Queen angelfish are not normally eaten or commercially fished. They are captured mostly for the aquarium trade, where they are highly valued. As juveniles, angelfish can adapt to eating typical aquarium food and hence have a higher survival rate than individuals taken as adults, which require a more specialized diet.

In Brazil, the queen angelfish is the most common marine ornamental fish sold aboard. From 1995 to 2000, 43,730 queen angelfish were traded at Fortaleza in the northeast of the country, and in 1995, 75% of marine fish sold were both queen and French angelfish. In 2010, the queen angelfish was assessed as least concern by the International Union for Conservation of Nature, as the species is only significantly fished off Brazil and the wild population appeared to be secure.

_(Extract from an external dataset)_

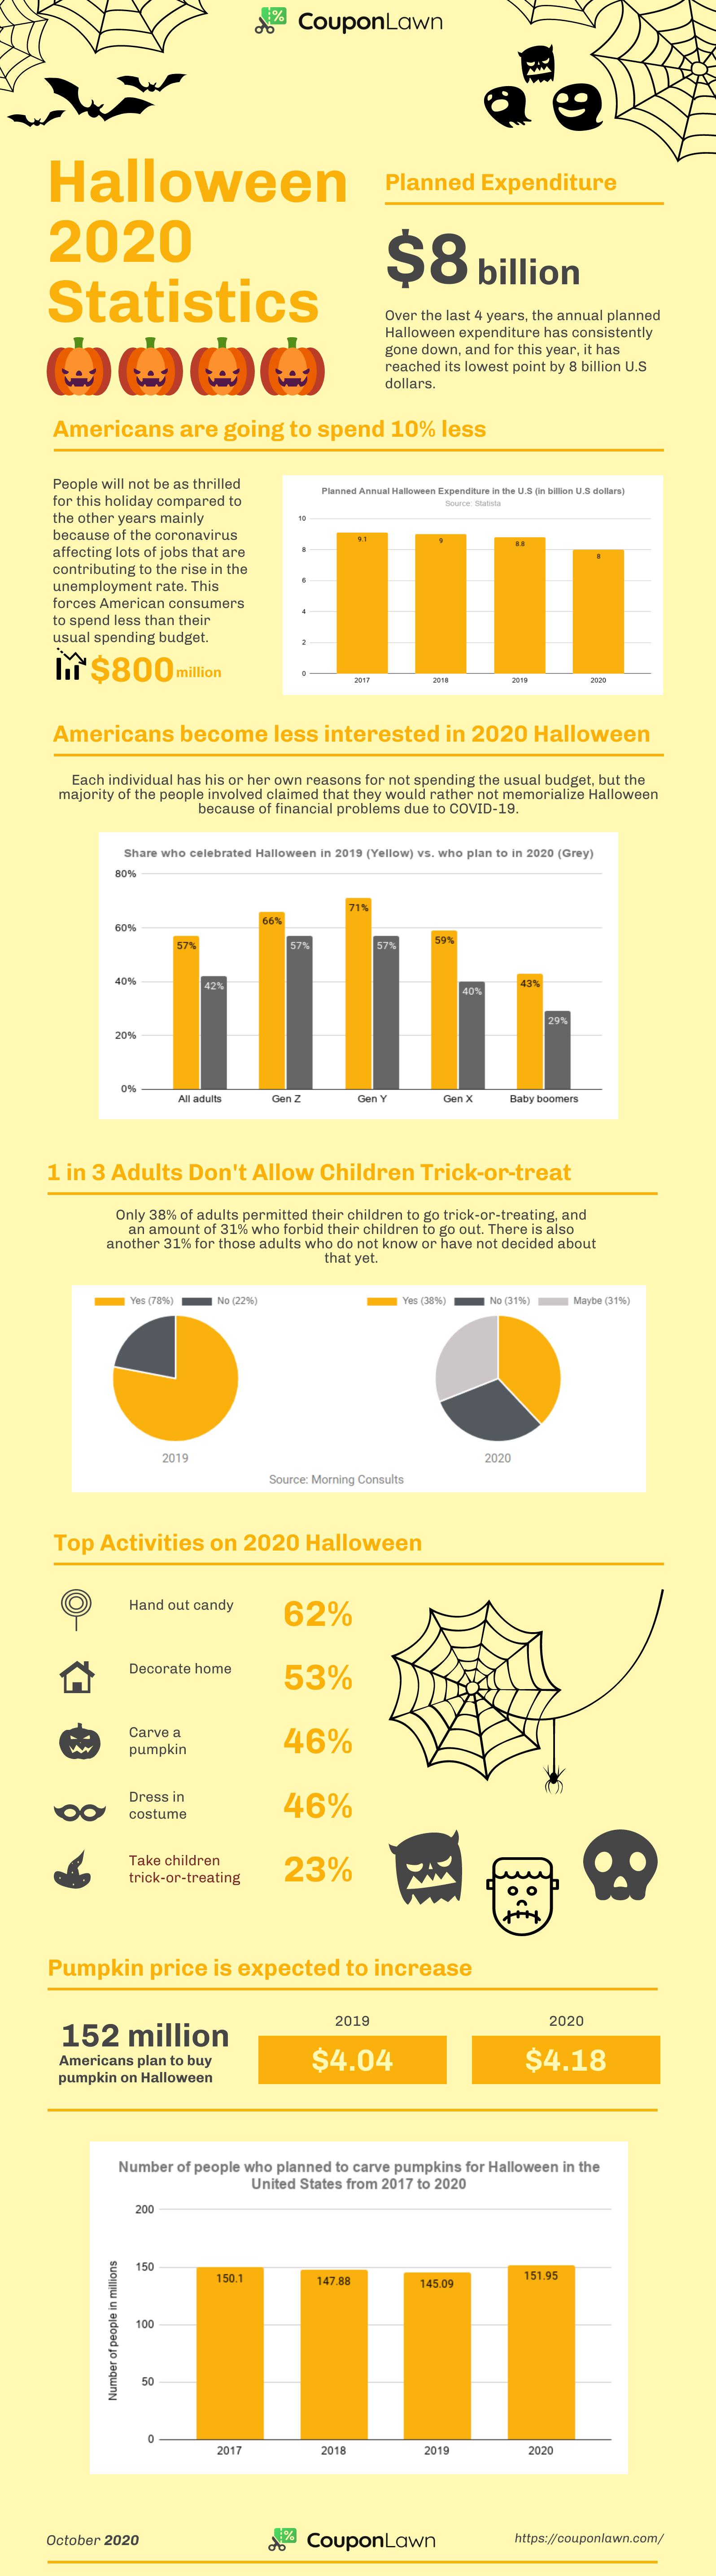 Halloween 2020 Statistics

Queen angelfish have been caught in the eastern Adriatic Sea, off Croatia, in 2011, and the Mediterranean Sea, off Malta, in 2020. These are likely introductions from the aquarium industry and not natural colonizations. In 2015, an aquarium-introduced angelfish was found in the Red Sea at Eilat's Coral Beach, Israel. Its kidney was infected with the disease-causing bacterium Photobacterium damselae piscicida, which was not previously recorded in Red Sea fish, raising concerns that it could infect native fish.